Import the library and start defining your commands, events, messages, etc.

from pybondi import Command
from pybondi import Event
from pybondi import Message
from dataclasses import dataclass

### Define your commands, events, messages, etc.


@dataclass
class CreateUser(Command):
    id: str
    name: str

@dataclass
class UpdateUser(Command):
    id: str
    name: str

@dataclass
class UserUpdated(Event):
    id: str
    name: str

@dataclass
class Notification(Message):
    user_id: str
    text: str

Create a service and start defining your handlers, subscribers, consumers, etc. if you don't want to resolve your dependencies yet, you can use dependency injection with Depends like in FastAPI.

For messages, one can define several topics in which the message will be published.

For commands and events the type hints will pair the command or event with the handler or consumer that will process it. You can use unions to pair several commands or events with the same handler or consumer.

from pybondi import Service
from pybondi import Depends


service = Service(cast_dependency=False) # Disable automatic casting for this example
                                         # this is needed because we are using dicts as dependencies
                                         # and they get empty when casting

def database_dependency() -> dict:
    raise NotImplementedError

def notifications_dependency() -> dict:
    raise NotImplementedError

@service.handler
def handle_put_user(command: CreateUser | UpdateUser, database = Depends(database_dependency)):
    database[command.id] = command.name
    service.consume(UserUpdated(id=command.id, name=command.name))

@service.consumer
def consume_user_updated(event: UserUpdated, database = Depends(database_dependency)):
    service.publish('topic-1', Notification(user_id=event.id, text=f'User {event.id} updated with name {event.name}')) 

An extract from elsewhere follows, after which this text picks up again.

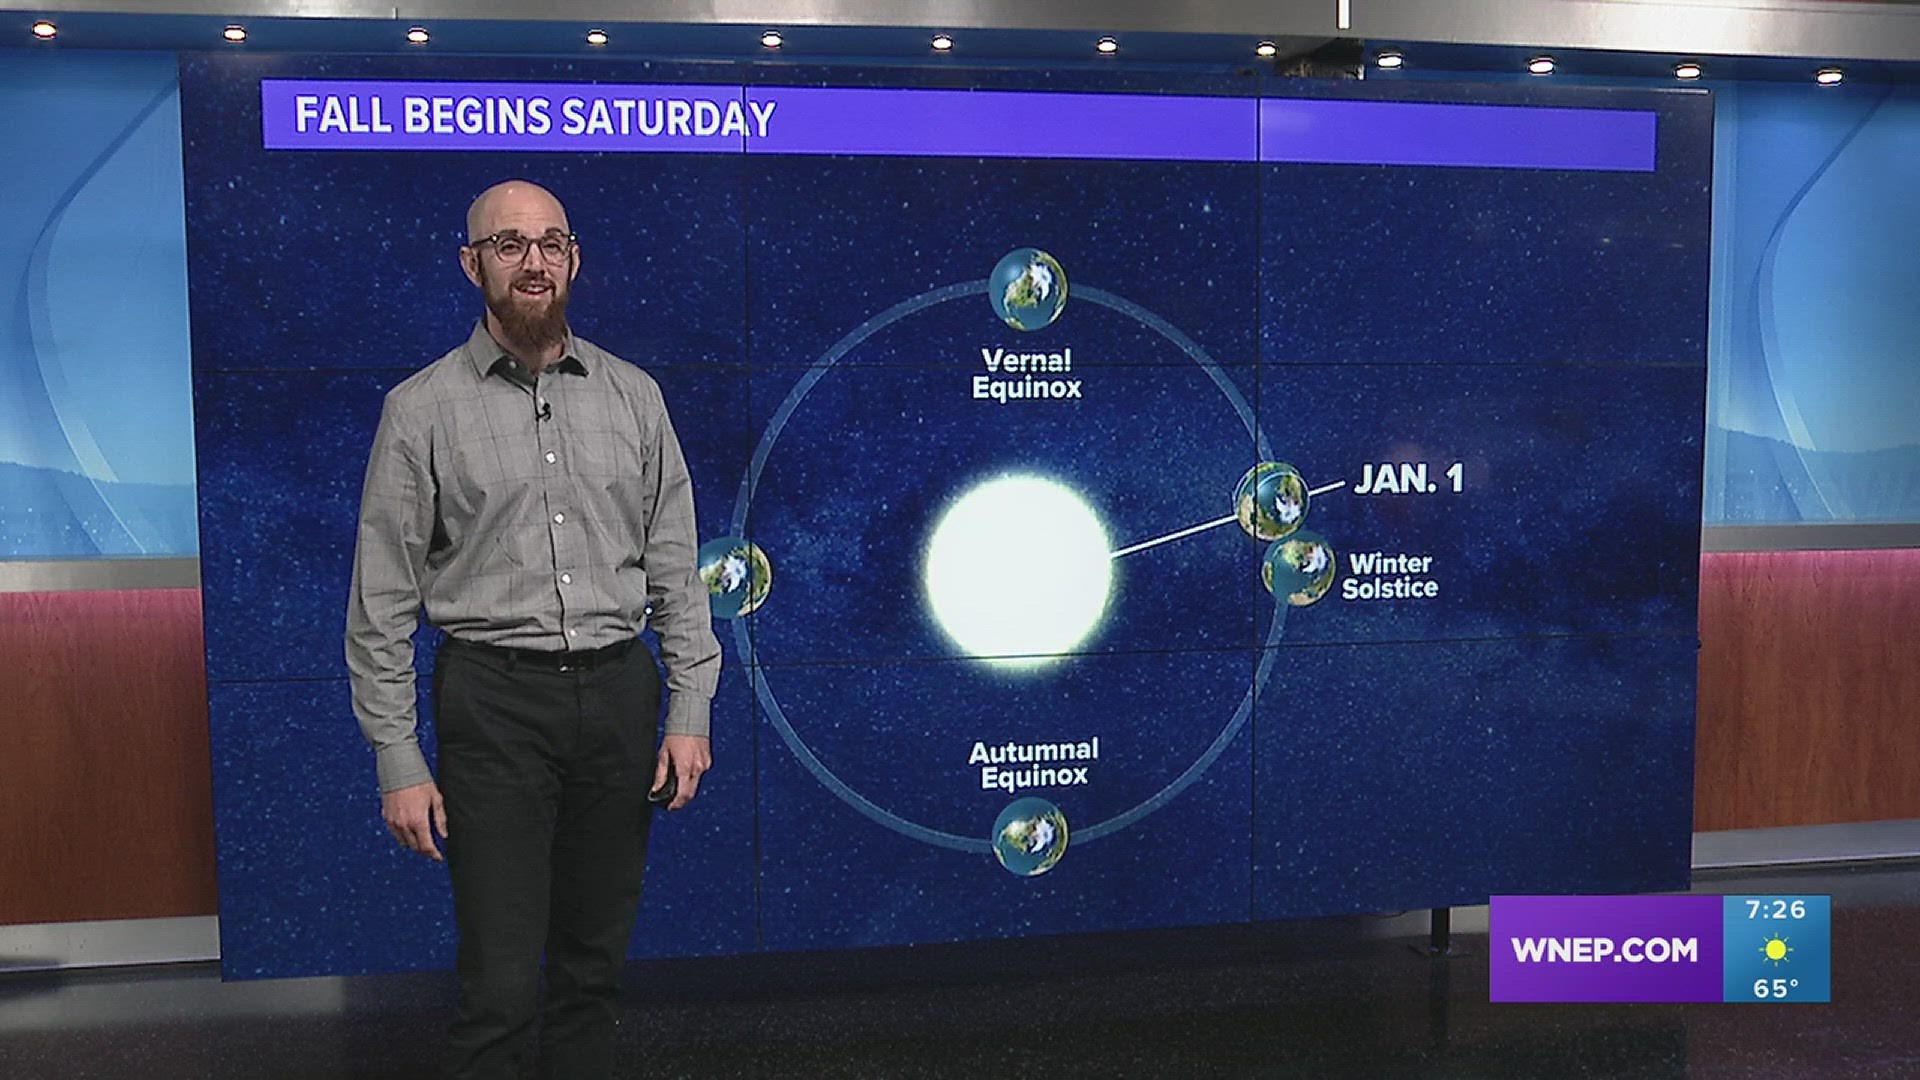 Skywatchers are hoping for a clear sky to see the Starlink satellite train. Newswatch 16's John Hickey shows us how to spot that in this Skywatch 16.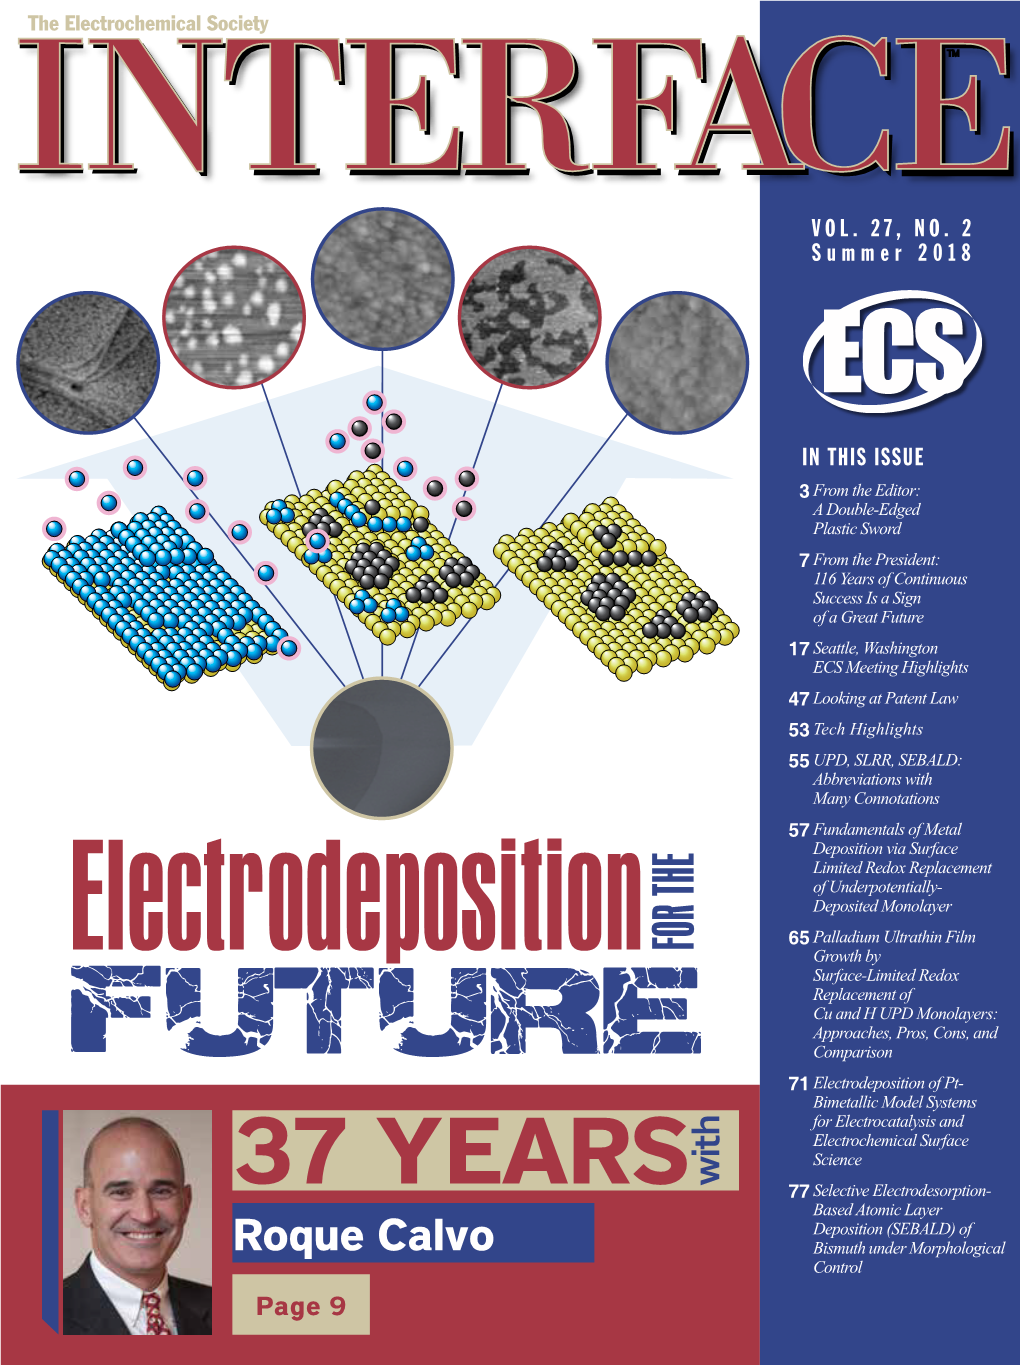 37 Years with Selective Electrodesorption- 77 Based Atomic Layer Deposition (SEBALD) of Roque Calvo Bismuth Under Morphological Control Page 9

@service.subscriber('topic-1', 'topic-2')
def on_notifications(message: Notification, notifications = Depends(notifications_dependency)):
    notifications[message.user_id] = message.text

Override the dependencies with implementations if you already didn't do it already.

nfs = {}
db = {}

def database_adapter():
    return db

def notification_adapter():
    return nfs

service.dependency_overrides[database_dependency] = database_adapter
service.dependency_overrides[notifications_dependency] = notification_adapter

Finally, execute your logic.

service.handle(CreateUser(id='1', name='John Doe'))
service.handle(UpdateUser(id='1', name='Jane Doe'))

print(db['1']) # Jane Doe
assert db['1'] == 'Jane Doe'

print(nfs['1']) # User 1 updated with name Jane Doe
assert nfs['1'] == 'User 1 updated with name Jane Doe'

You can see this example in the examples folder.

License

This project is licensed under the terms of the MIT license. Feel free to use it in your projects.